Between timestamp 3082.957750 and 3083.083246, the device went off channel. A packet
came down and reached hardware queue. Hardware TX processing continued. It is a
serious issue if PDUs are indeed sent out during off-channel.

Regards,
Tong



2021-05-31 16:12:15

by Toke Høiland-Jørgensen

[permalink] [raw]
Subject: Re: ath9k: possible bug with AR93xx during background scanning

Tong Zhu <[email protected]> writes:

> Hello
>
> After moving to kernel 4.14 from 4.1, our station with an AR93xx pcie card began
> to see packet loss during background scanning.
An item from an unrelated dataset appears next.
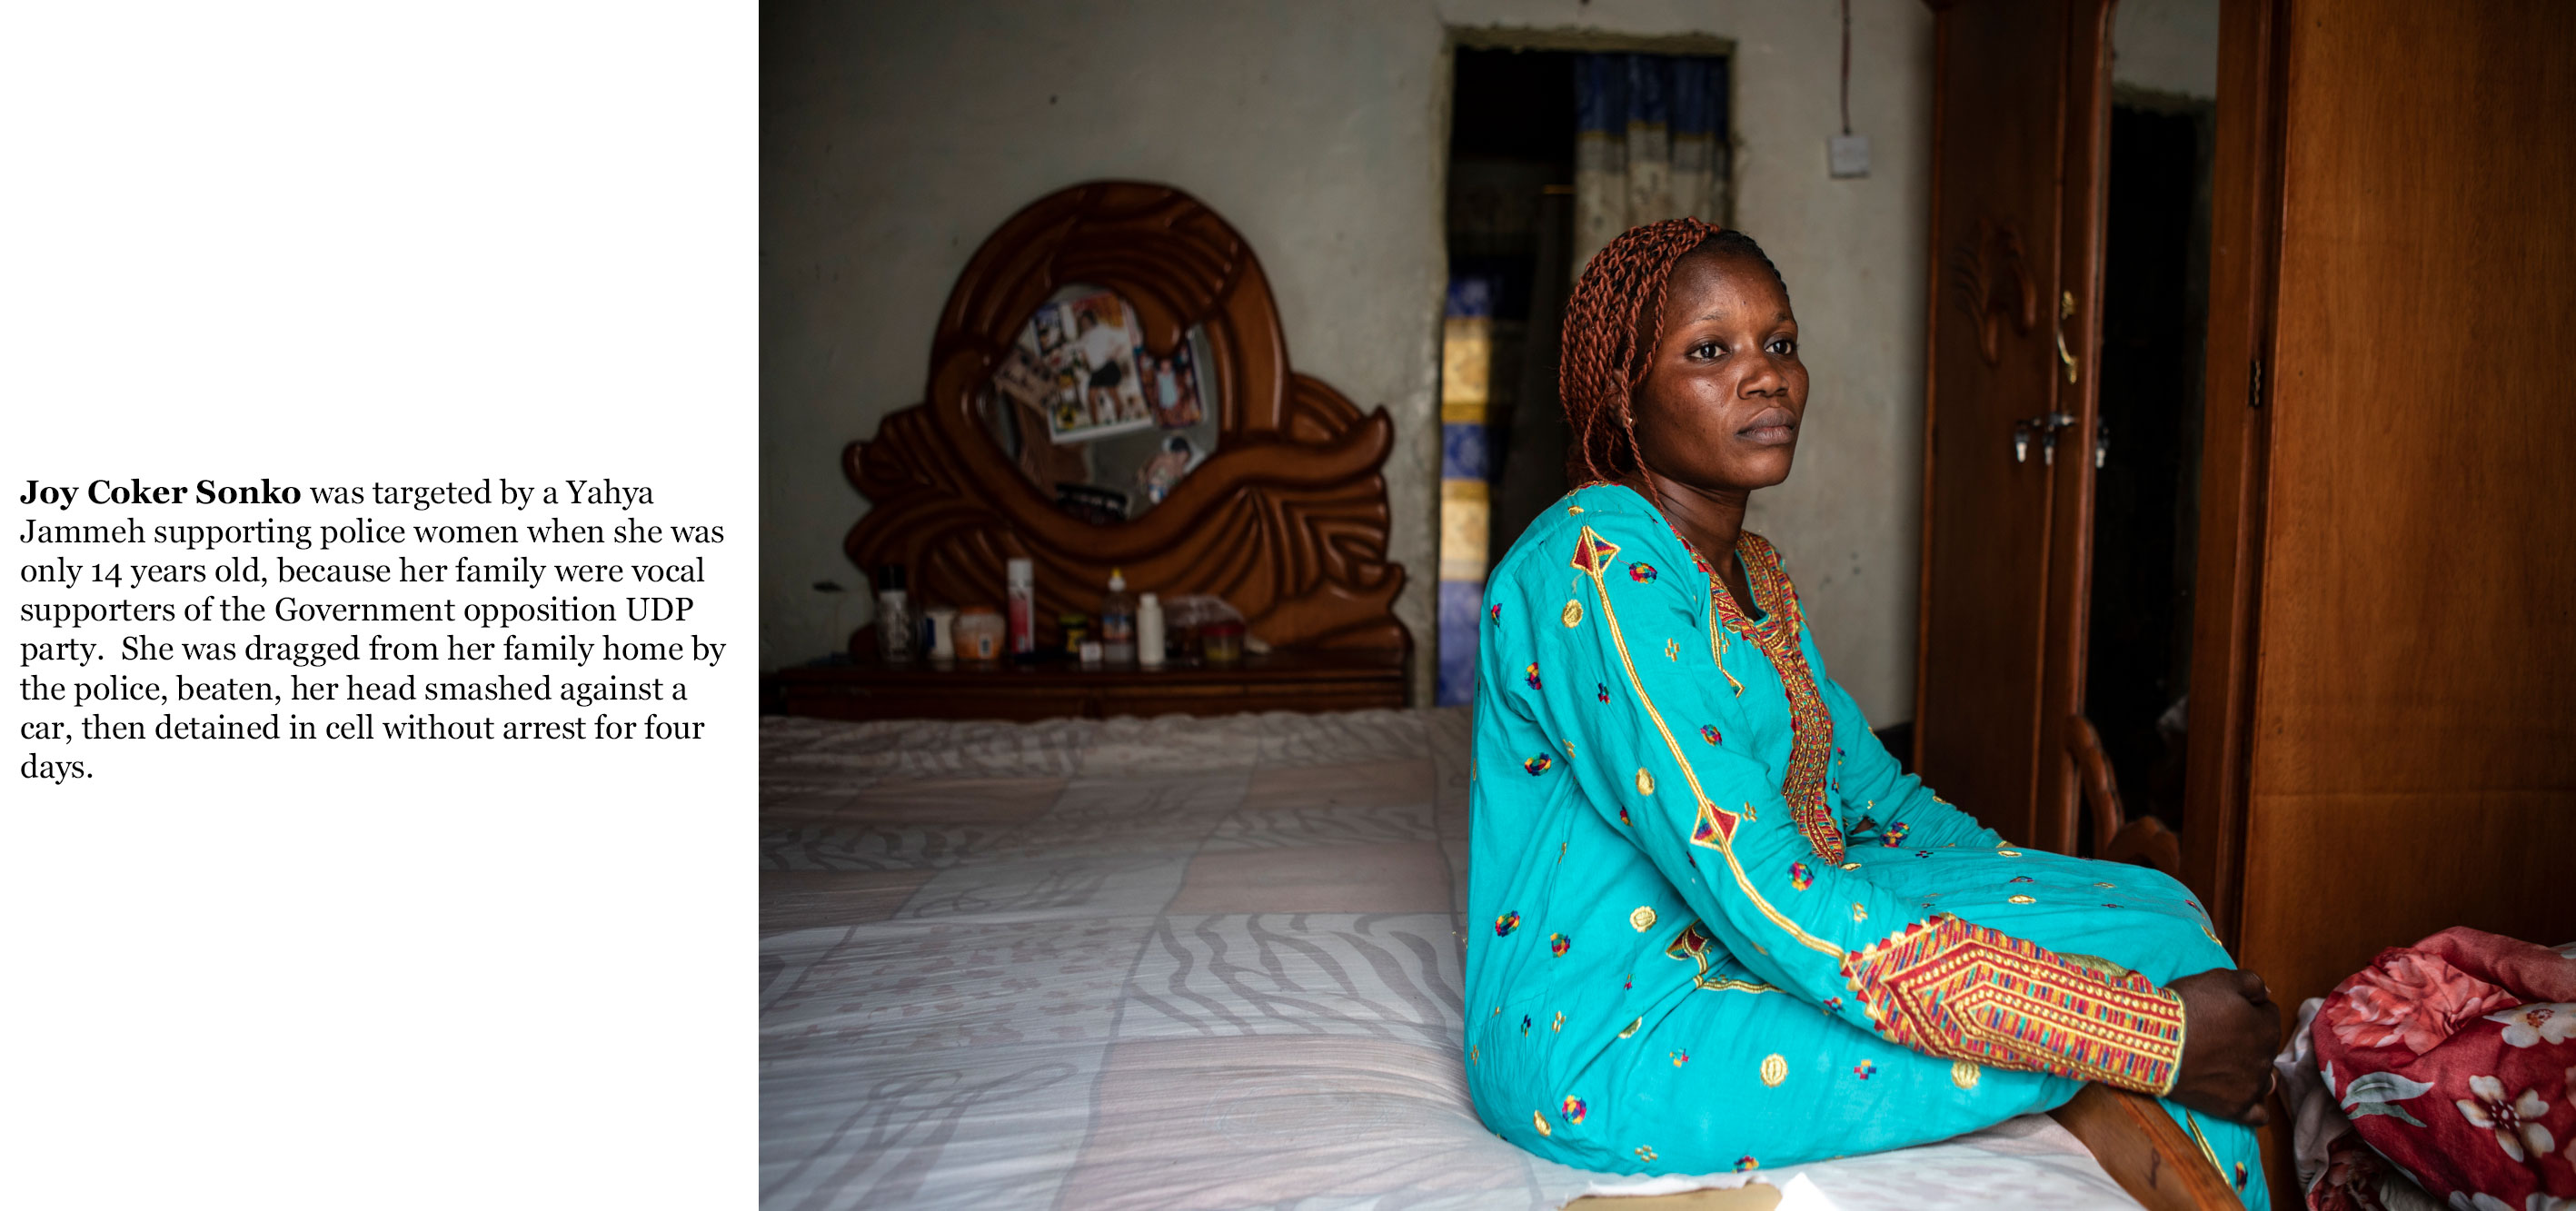 Gambia victims and resisters - Joy-Coker-Sonko beaten by police at 14 years old -1822_TEXT_web ©Jason Florio 
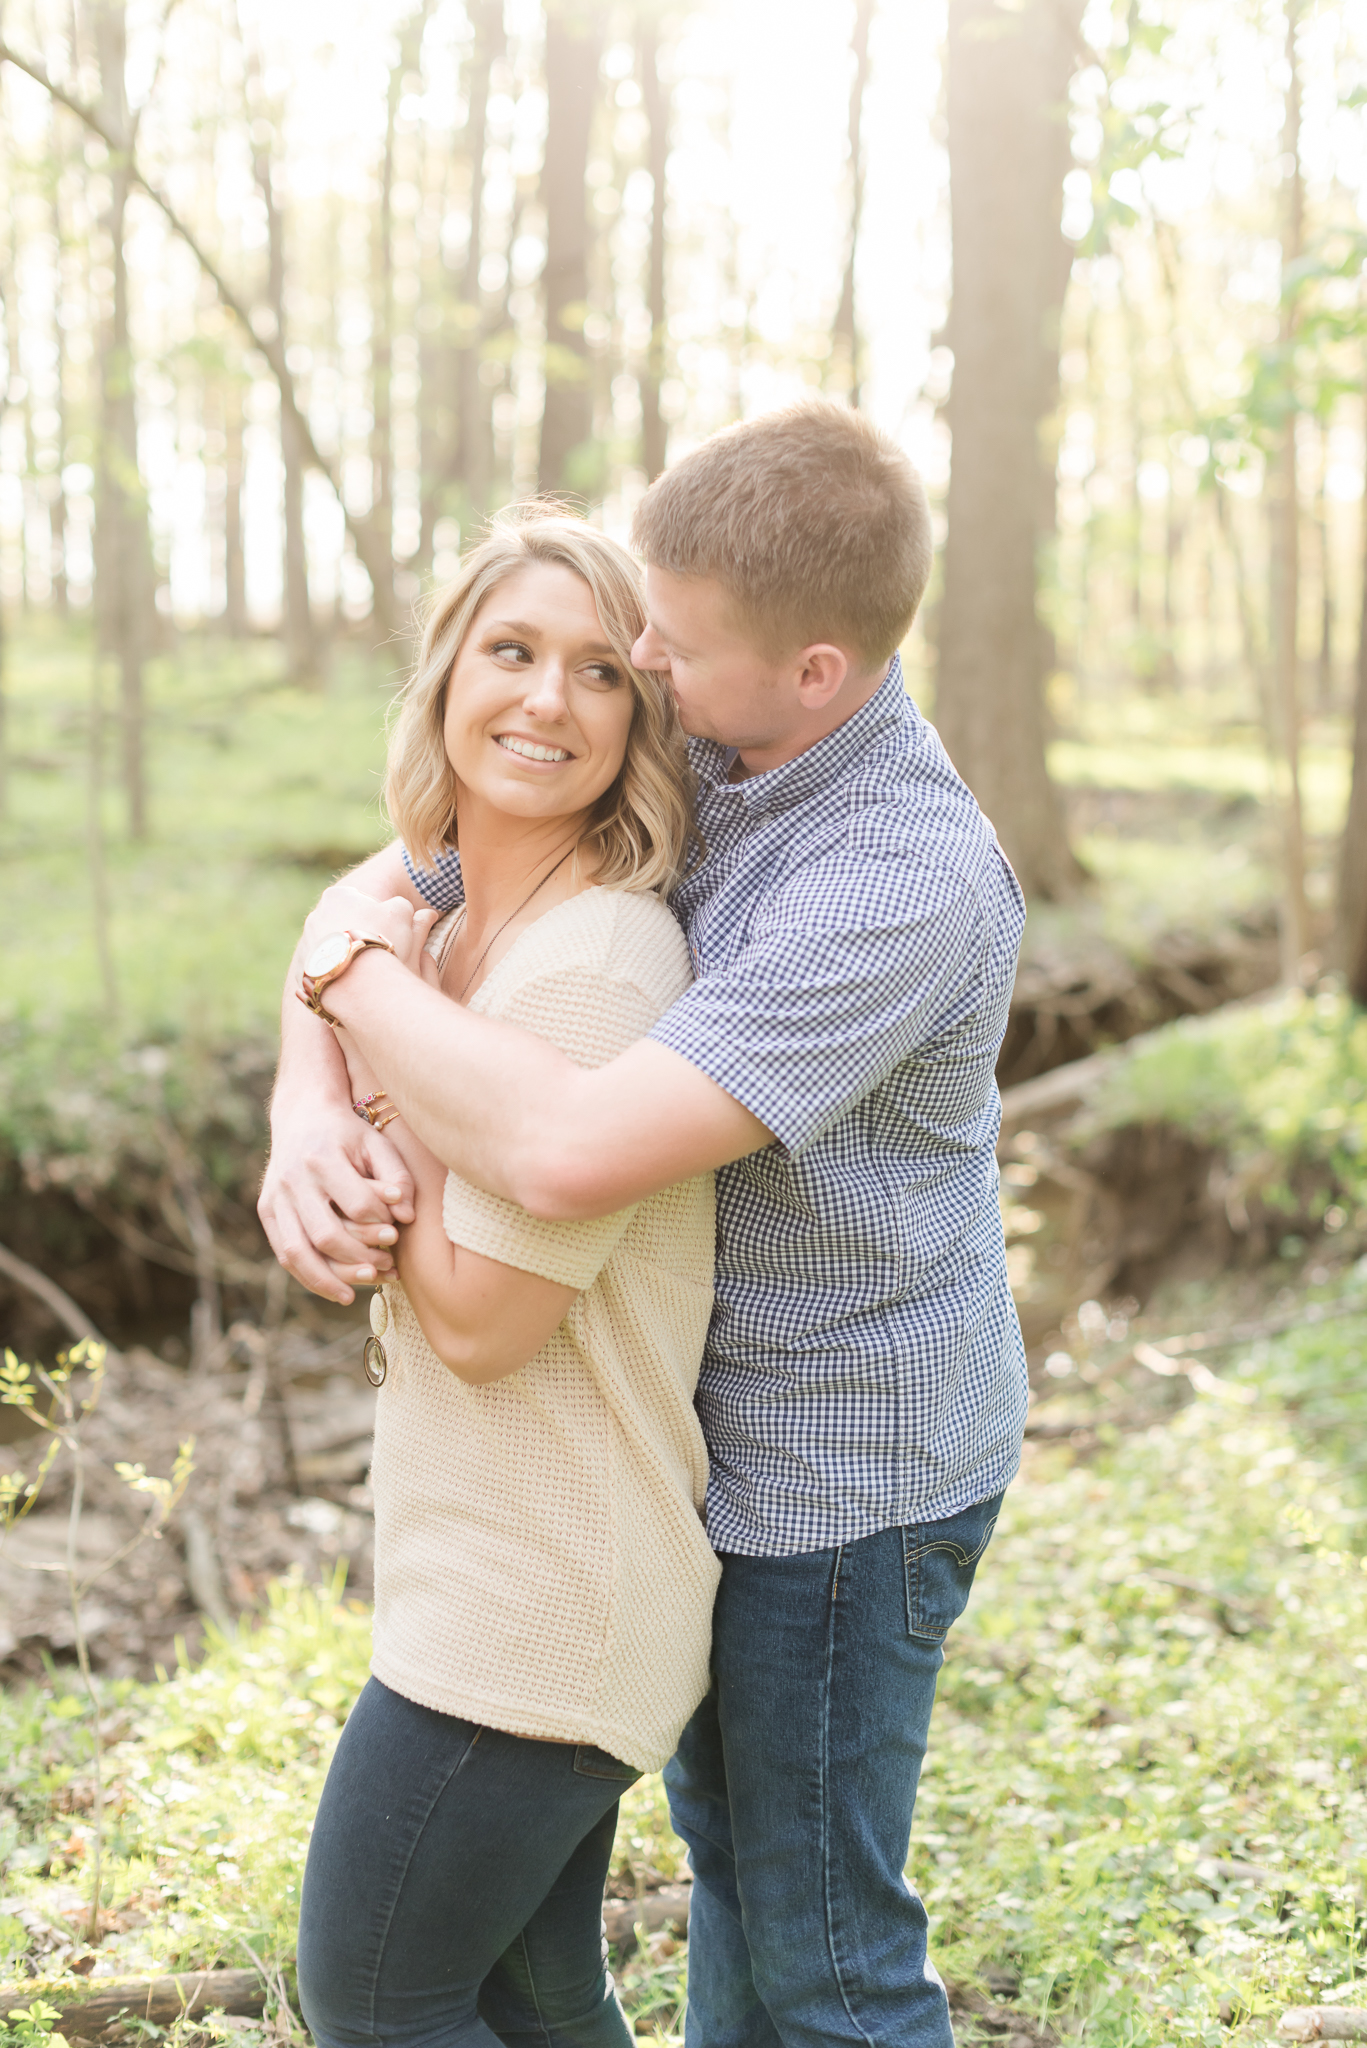 Richie Woods Nature Preserve and Mustard Seed Gardens Engagement Session Wedding Photos-22.jpg

After inspecting the changes, I
> realized ath9k no longer pushes to stop traffic at VIF for off-channel scan after
> this change.
>
> 50f08edf98096a68f01ff4566b605a25bf8e42ce ath9k: Switch to using mac80211 intermediate software queues.
>
> Here is a snippet of a ftrace function sequence during a scan.
>
> kworker/u4:0-28892 [001] .n..... 3082.957750: ieee80211_offchannel_stop_vifs <-ieee80211_scan_work
> XX-XXXXXXXXXXd-489 [001] .....12 3082.971105: __ieee80211_subif_start_xmit <-ieee80211_subif_start_xmit
> XX-XXXXXXXXXXd-489 [001] .....14 3082.971128: ath_tx_txqaddbuf <-ath_txq_schedule
> irq/175-ath9k-189 [001] .....15 3082.998888: ath_tx_process_buffer <-ath_tx_edma_tasklet
> irq/175-ath9k-189 [001] .....16 3082.998898: ath_tx_txqaddbuf <-ath_txq_schedule
> irq/175-ath9k-189 [000] .....15 3083.011497: ath_tx_process_buffer <-ath_tx_edma_tasklet
> irq/175-ath9k-189 [000] .....16 3083.011504: ath_tx_txqaddbuf <-ath_txq_schedule
> irq/175-ath9k-189 [001] .....15 3083.022261: ath_tx_process_buffer <-ath_tx_edma_tasklet
> irq/175-ath9k-189 [001] .....16 3083.022268: ath_tx_txqaddbuf <-ath_txq_schedule
> irq/175-ath9k-189 [000] .....15 3083.034131: ath_tx_process_buffer <-ath_tx_edma_tasklet
> irq/175-ath9k-189 [000] .....15 3083.034134: ath_tx_complete_buf <-ath_tx_process_buffer
> irq/175-ath9k-189 [000] .....15 3083.034136: ath_tx_complete <-ath_tx_complete_buf
> kworker/u4:0-28892 [001] ....... 3083.083246: ieee80211_offchannel_return <-ieee80211_scan_work
>
> Between timestamp 3082.957750 and 3083.083246, the device went off channel. A packet
> came down and reached hardware queue. Hardware TX processing continued. It is a
> serious issue if PDUs are indeed sent out during off-channel.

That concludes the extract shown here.